Thank you, NetGalley and Knopf, Pantheon, Vintage, and Anchor for allowing me to read this book early. The opinion in this review is my own.

This novel is a haunting and thought-provoking exploration of grief, identity, and the blurred boundaries between human and machine. With its rich blend of emotional depth and speculative storytelling, this novel invites readers to ponder the nature of loss and connection in a world where technology intertwines with the most intimate aspects of existence.
The futuristic aspects never overshadow the deeply human core of the story; instead, they enhance its exploration of how people—and perhaps even digital entities—process trauma, guilt, and healing.
With beautifully crafted prose and four memorable characters that linger in mind long after the final page, Unworld is a profound meditation on the connections that bind us, even when fractured by tragedy.
The publisher provided ARC via Netgalley in exchange for an honest review.

It stands to mention that there is a lot to like about this novel. It's clever, insightful, emotionally intelligent, and well written. The AI themed plot with tethering, untethering, and contemplating personhood of entities that aren't technically persons and are based largely on the persons they are tethered to, that's all very in. Very Severance, actually.
And yet, where Severance had me completely enthralled and excitedly glued to the TV screen, UnWorld didn't have the same effect. it's odd to not quite emotionally connect to such an emotionally expansive novel. But I think that's exactly where it lost me - UnWorld was just too deeply interior of a book. it read like a debut novel that got too hung up on being literary and too wrapped up in the microanalysis of its characters. A bit exhaustively so.
Perhaps it's the sort of thing you have to be in the mood for. This isn't the case of an underwhelming novel so much as one that didn't quite work for this particular reader. User mileage may vary. Thanks Netgalley.

UnWorld is a mesmerizing exploration of grief, technology, and the boundaries between human and digital existence, wrapped in a sizzling mystery that will keep you guessing until the very end. Beneath its dystopian surface lies the interconnected story of four compelling individuals, each grappling with their own struggles while piecing together the truth about Alex's untimely death.
The novel begins with Anna, Alex’s mother, who is haunted by his tragic loss. She is stuck in the liminal space between mourning and searching, unable to determine whether her son’s death was an accident or intentional. Her grief is raw, tangible, and complicated by the unsettling world she inhabits—a near-future where technology has advanced in ways that blur the line between life and death. We also meet Cathy, an AI professor who very much believes in the rights of AI as individuals. Then there’s Samantha, Alex’s best friend and neighbor, whose intimate bond with him reveals secrets that Anna may not be ready to face. Sam’s perspective offers emotional depth and glimpses into Alex’s inner world before his death, all while pulling us deeper into the unfolding mystery.
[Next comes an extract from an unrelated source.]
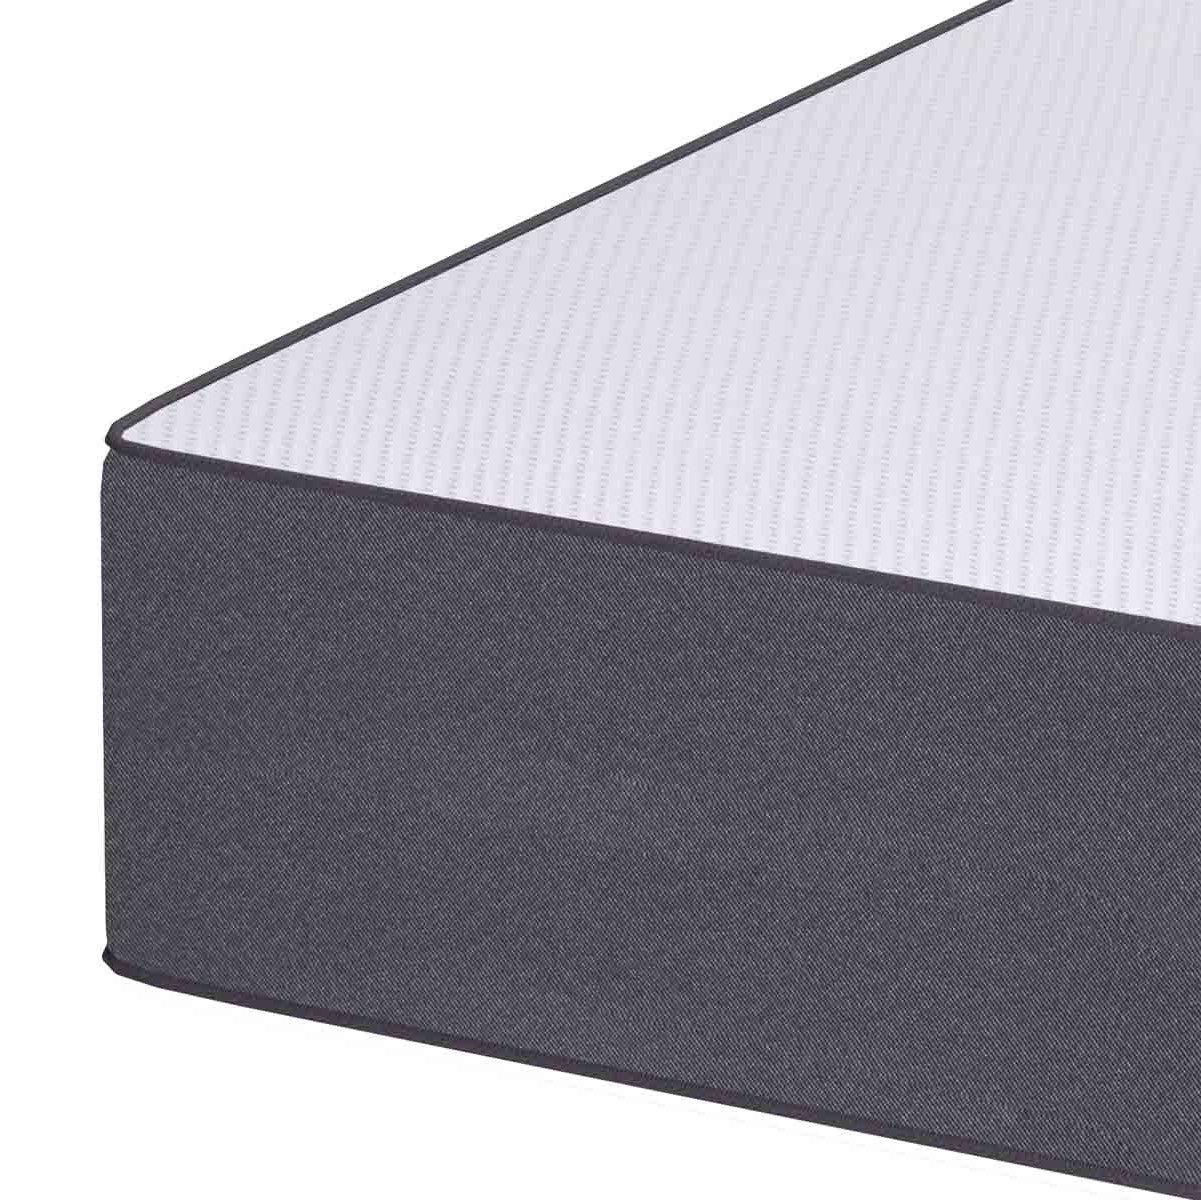 Revero Graphite Memory Foam Super King Mattresses |Graphite Foam

But the heart of UnWorld is Aviva, a digital entity untethered from her human host. As her story intertwines with Anna, Cathy, and Samantha, we begin to see her influence ripple through their lives—and uncover her connection to Alex. Aviva’s emancipation raises profound questions about consciousness, identity, and what it means to exist in the ether of the digital world.
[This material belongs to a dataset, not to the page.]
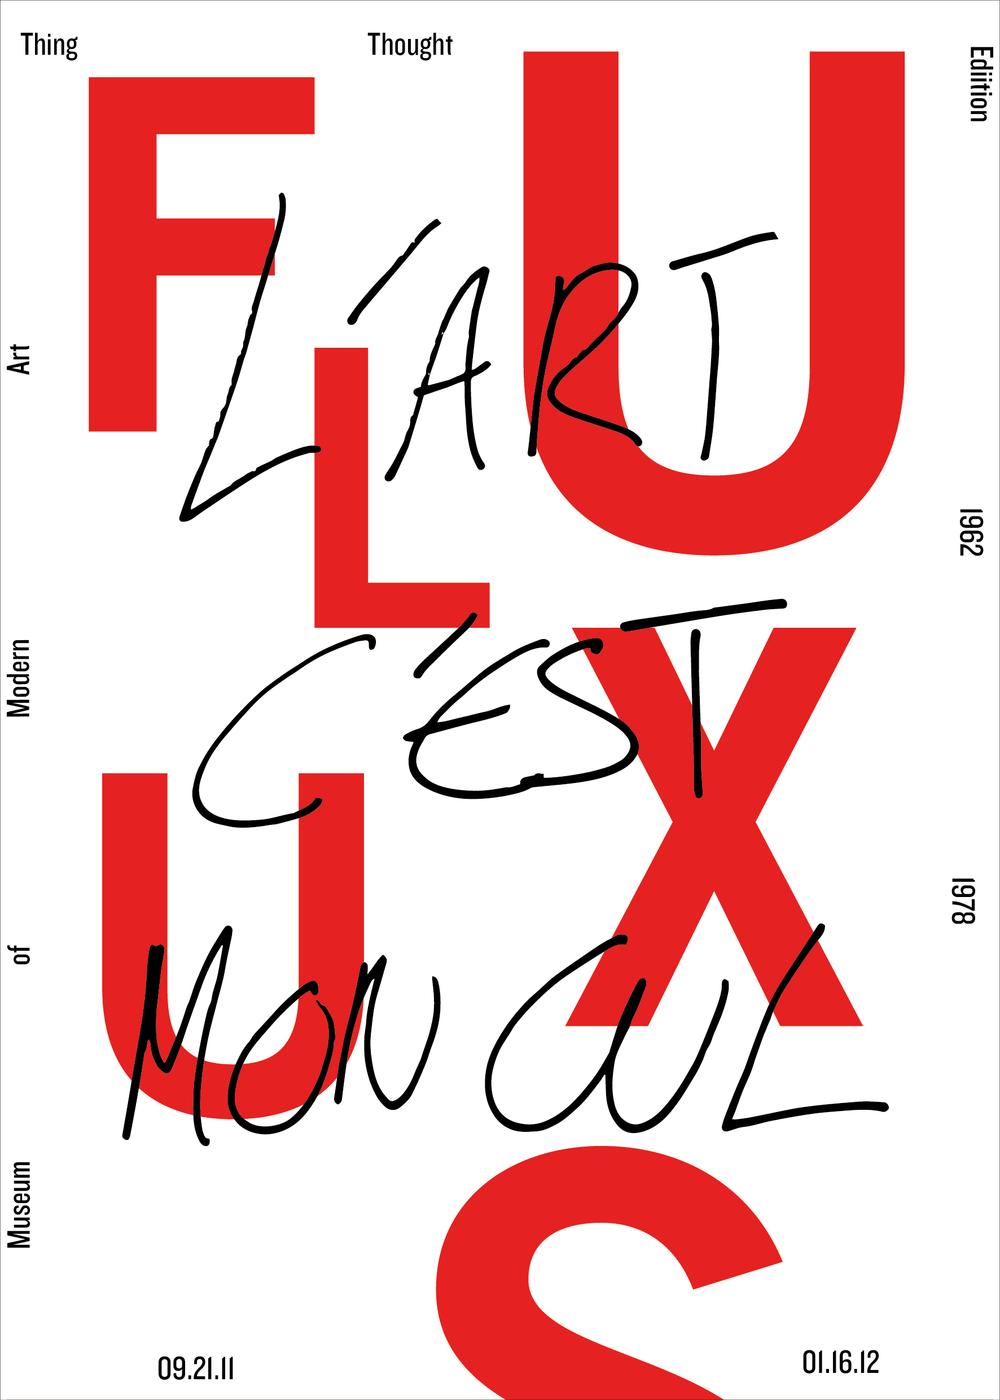 fluxus_charlieth

The narrative builds methodically, chapter by chapter, peeling back the layers of Alex’s life, his relationships, and his ultimate fate. Just when you think you have it figured out, the story shifts, revealing truths that are far more intricate than you could have imagined.
UnWorld by Jayson Greene is a powerful and thought-provoking dystopian story that will leave you questioning the limits of technology, the nature of grief, and the bonds that tie us to one another. Perfect for fans of literary sci-fi and gripping mysteries.